In the last ten years there have been big changes in how people purchase and consume products and services. Napster, Kazaa and Torrent were technologies that provided a lot of the groundwork technology for companies like Spotify and Netflix.

Only lately have software subscriptions become more commonplace with Adobe, Microsoft and now JetBrains, a developer tooling company, is moving to a subscription based model.

It's easy to think this is just companies sourcing a steady stream of income (it is!) without benefits. But it's not all bad.

Web platforms like Twitter and Facebook can't work with major yearly releases. These companies do constant changes to their products. This is very transparent on the web, but it can be applied to desktop (productivity) software as well. You introduce minor changes and improvements at a faster pace, leading to faster development cycles.

Buying shrinkwrapped software certainly seems like a thing of the past today. Most people in my generation have already switched from physical music and video distribution and I don't see why software should be any different.

There will always be exceptions cases such as specialist software and purchasing LP records for sentimental reasons.

Freedom and competiveness? Orly?

Subscription software removes the upfront investment to a product. Depending on the contract terms you can purchase products for relatively short periods. This gives people access to software they need sporadically for a short period of time. Subscriptions also free you to try competing products for evaluating and drives adoption since (theoretically) everyone is always on the latest version - just as with evergreen browsers.

Enterprises are used to paying for yearly licensing fees, so this is a not a new concept for them. I have not followed how licensing works for enterprise products such as SAP or others, but Microsoft Office suite is already widely deployed via 365. For SAP, Dynamics CRM and other enterprise applications a continuous release model could remove (or significantly alleviate) the needs for large scale migration projects.

Web applications like Google Apps carry a different ethos and are more naturally seen as services, not packaged products. Many companies are even outsourcing their most valuable daily tool, internal communication, to external services like Slack and Flowdock. This is like privatisation of communal water works, only to curse high necessity prices later. To me that is a much harder a dependency than a cancellable subscription to an IDE.

Having access to the latest can give businesses a significant competitive edge. This is why it's fair to charge more for productivity applications than entertainment. Music and video subscriptions are for wasting time and have no (direct) return on investment.

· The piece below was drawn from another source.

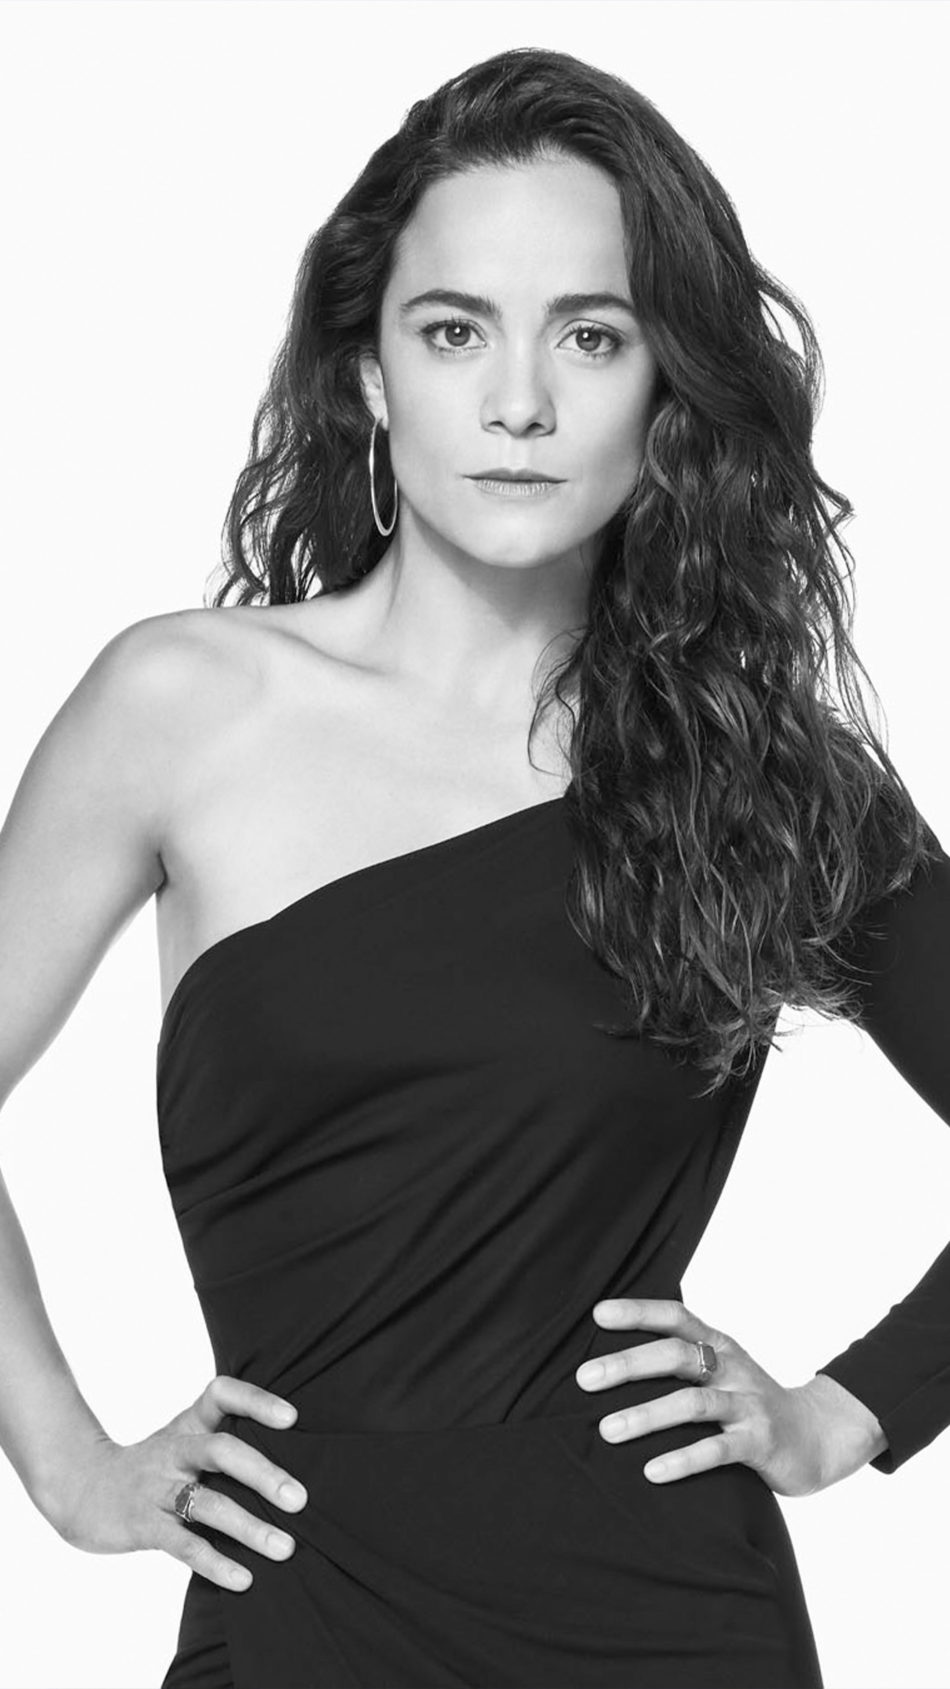 Brazilian Actress Alice Braga 2021 Black & White 4K Ultra HD Mobile Wallpaper

Worst investment ever - yet that's what millions of people do and voluntary market as the best thing since sliced bread and strong psyche medication.

This is why I've got no issues in paying twenty bucks a month for having access to software that helps me 20 days out of 30 in a month. I know costs add up, but as a business leader I would critically evaluate their policies on subscriptions and changing the mindset of software from a durable good to a consumable.

Are you really in the business of filling your shelves with redundant software?

Update: Added this excellent comment from Reddit:

Because Netflix pulling a show mid-series is annoying, but software you rely on for work closing down mid-project destroys your business?

Because Netflix and Spotify offer a vast library of content, probably far more than you could ever watch or listen to in a lifetime, while subscription software typically offers a single product or set of products that you used to get as a one-off purchase?

Because Netflix and Spotify add lots of new content but you can take it or leave it, while subscription software may or may not actually add any new features for a while or, worse, may make changes you actively don't want?

Because the cost of buying a permanent copy of everything you watch on Netflix or listen to on Spotify would be far higher than the subscription cost, while the cost of buying a permanent copy of software typically works out far lower than the total subscription cost over the useful lifetime of the software? (And because this is often still true even after you factor in buying newer versions of permanently licensed software at upgrade rates?)